→ **COLLECTED MATERIAL**

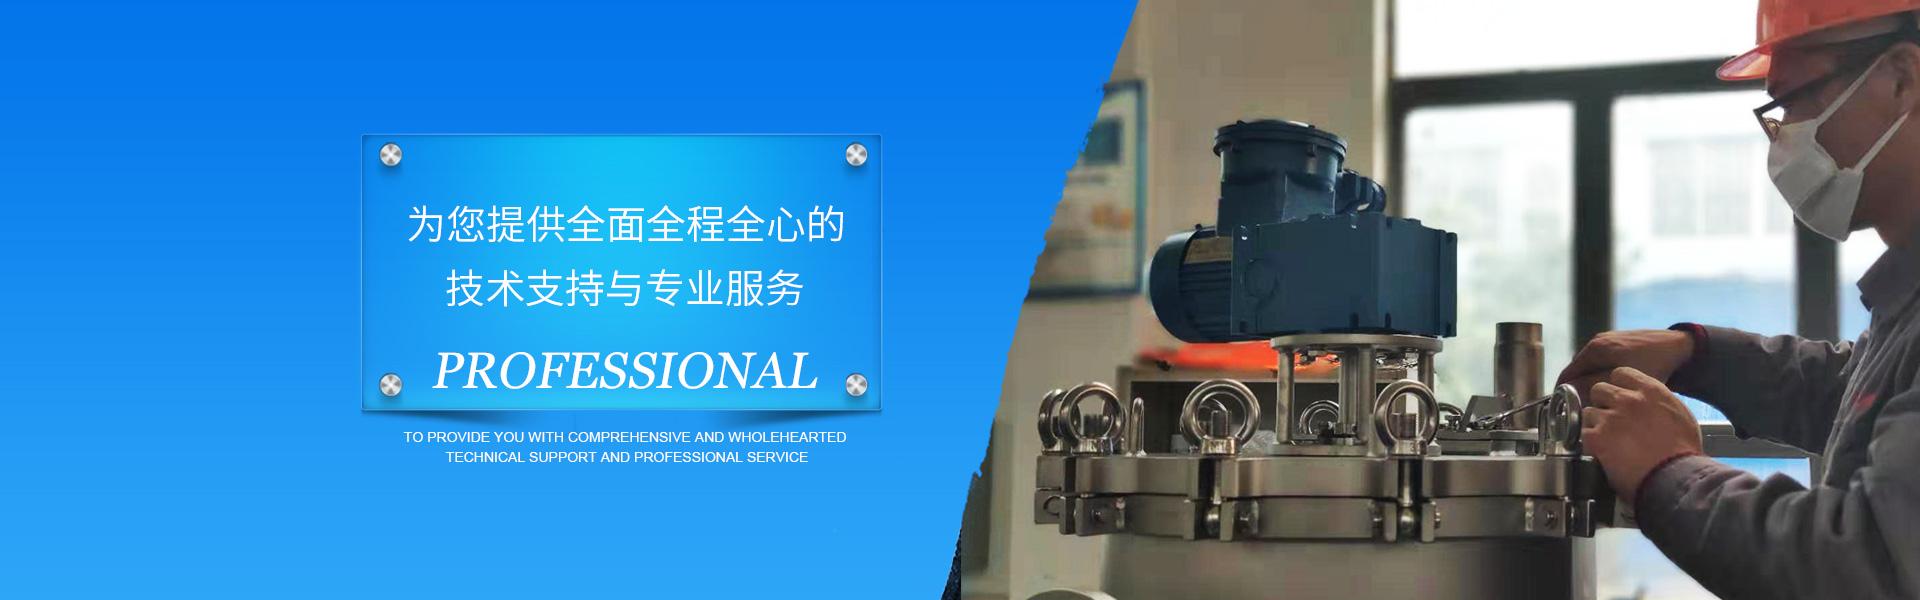 上海升揚工業設備有限公司
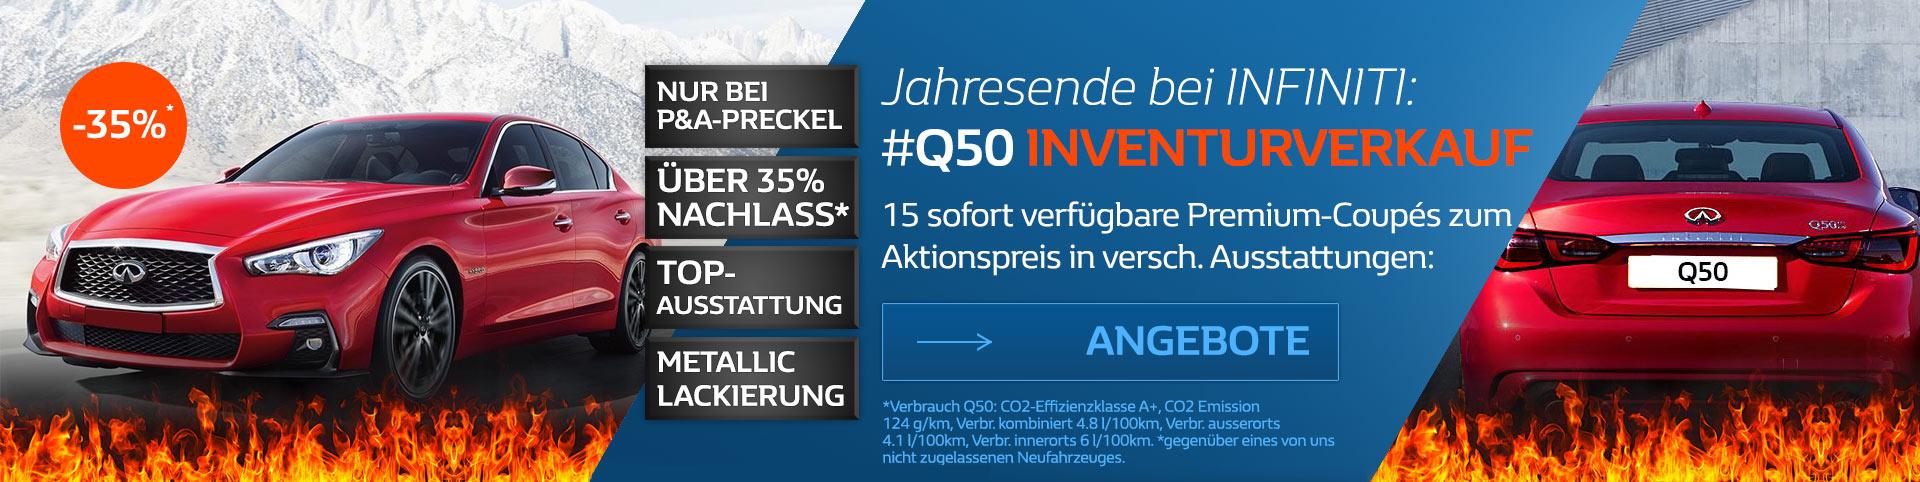 Infiniti Q50 Sonderangebot
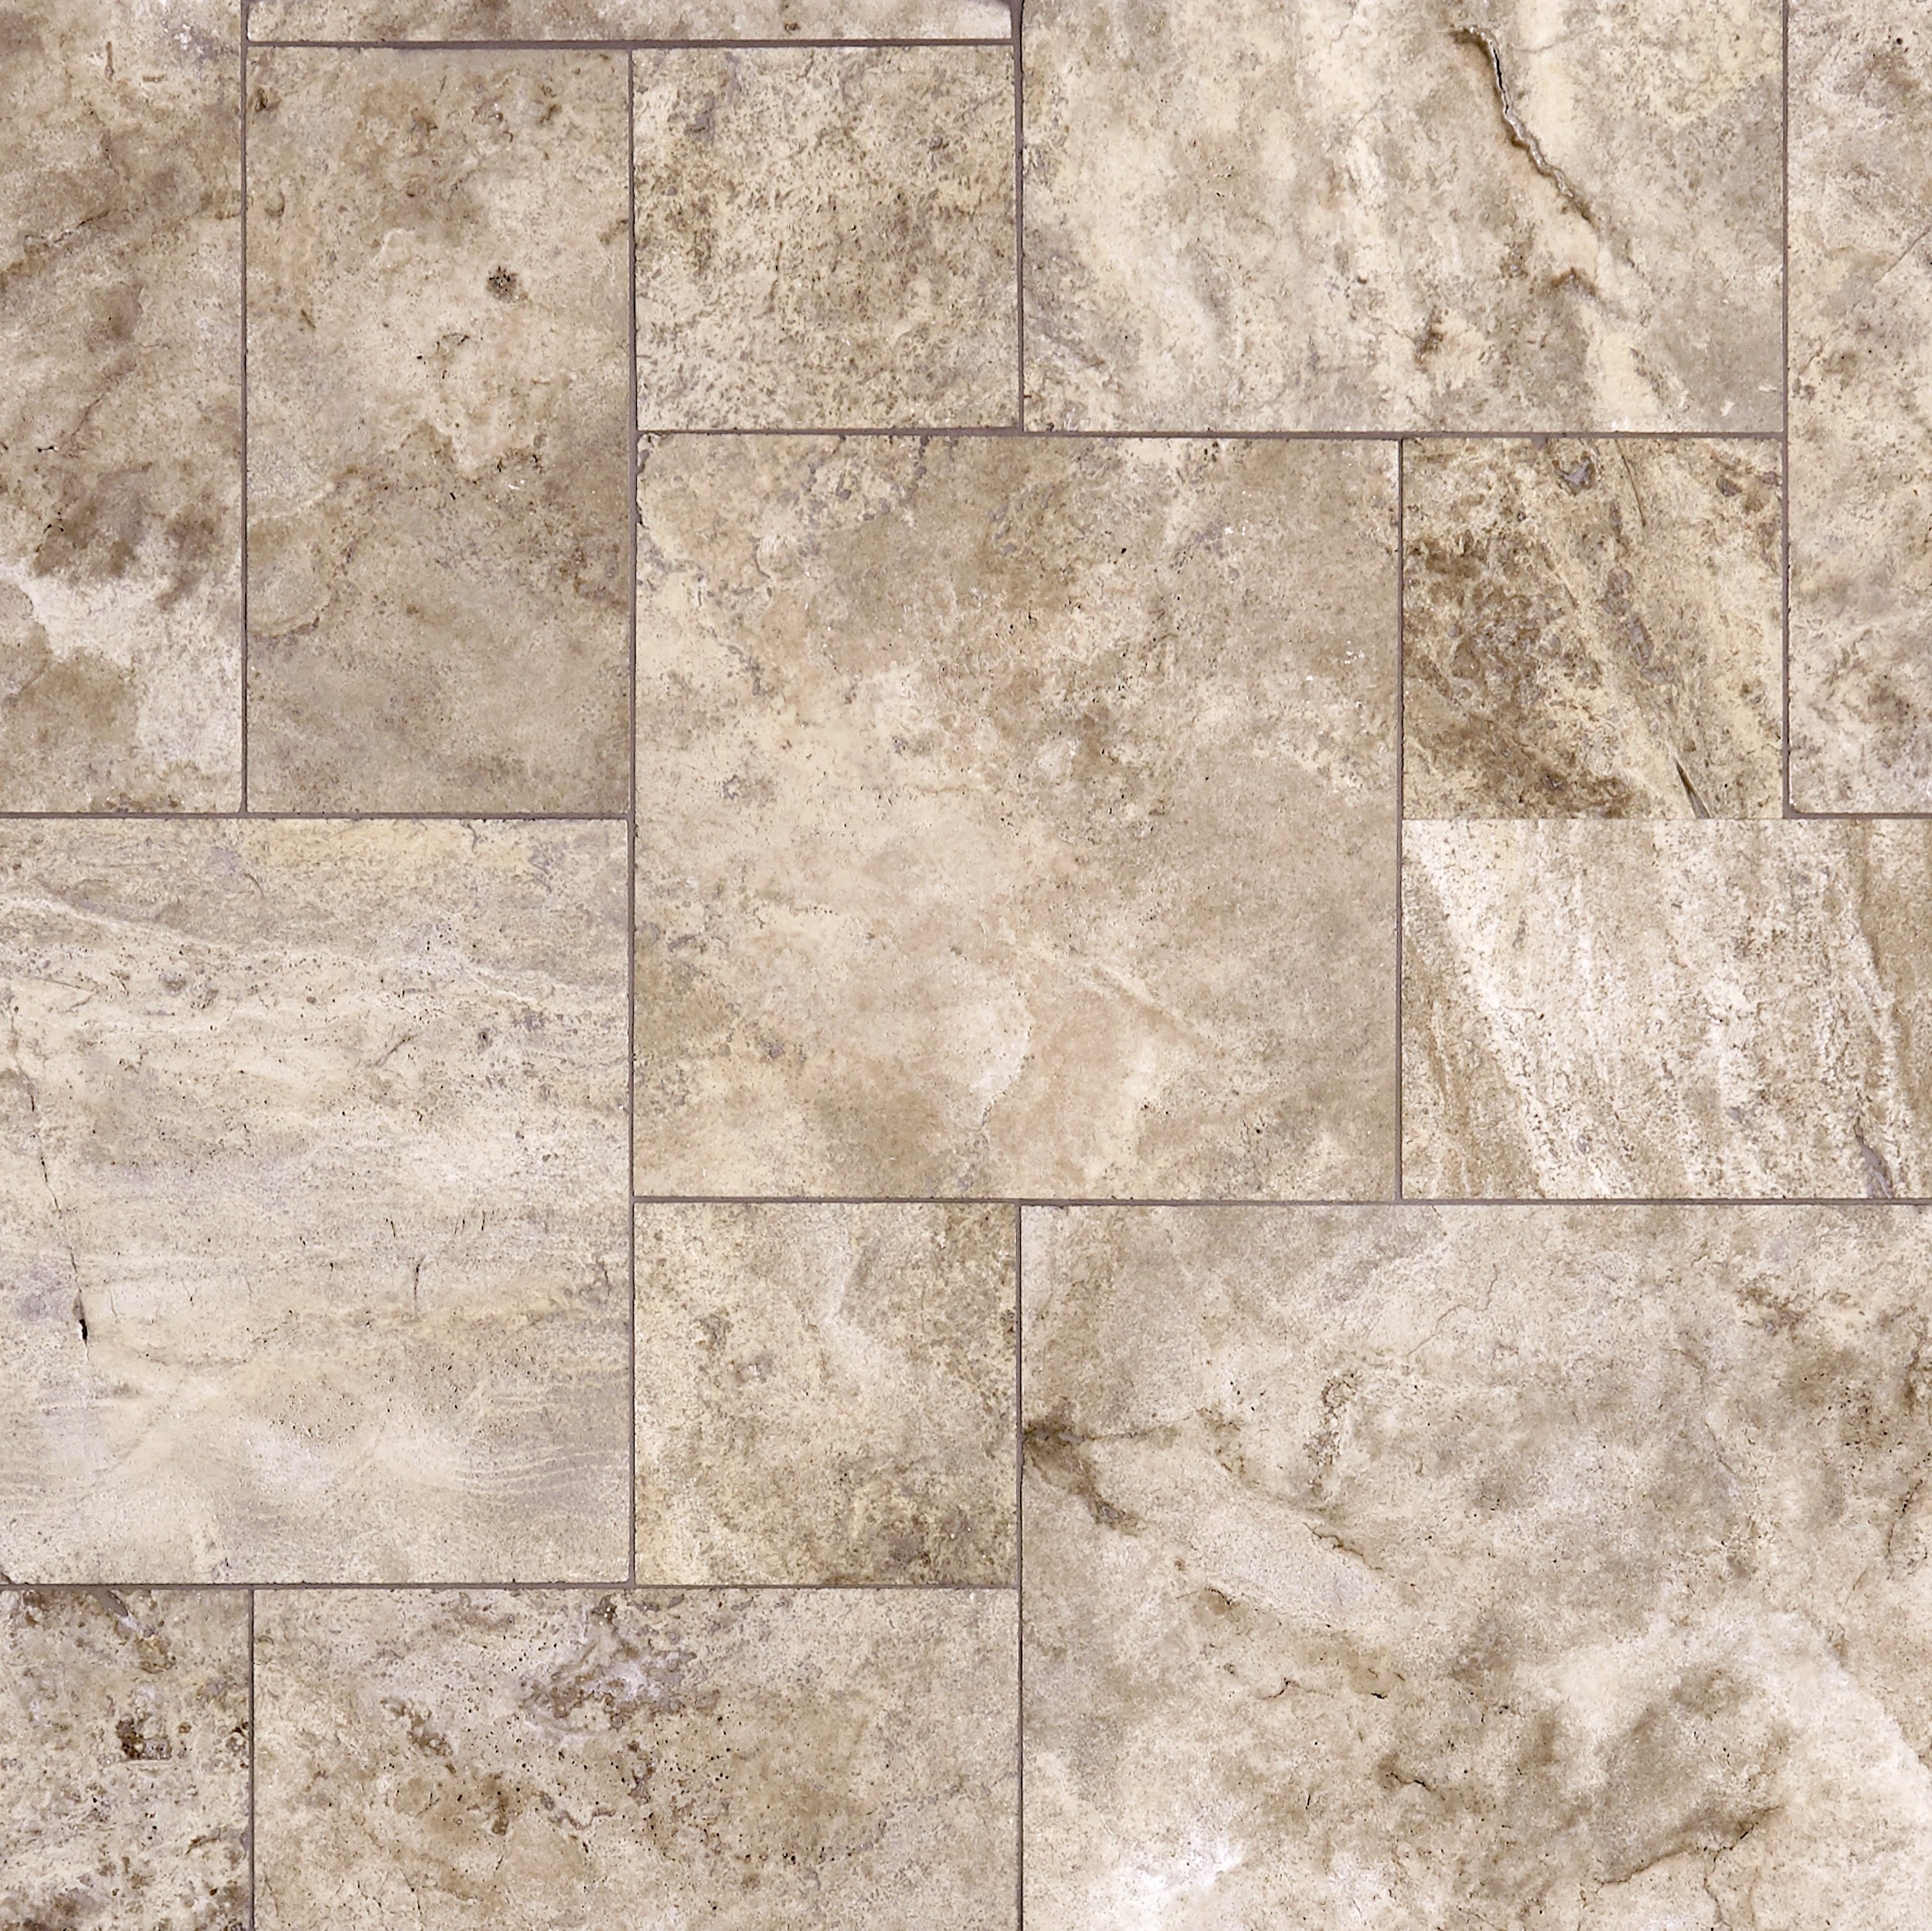 Ivory Light Honed Filled Travertine Tiles 18x18: Travertine Stone Tile

→ **INSTRUCTIONS TO FOLLOW**
Write the material out again exactly. Skip each picture.

→ **SOLVED PROBLEM**
 上海升揚工業設備有限公司
 Infiniti Q50 Sonderangebot
 Ivory Light Honed Filled Travertine Tiles 18x18: Travertine Stone Tile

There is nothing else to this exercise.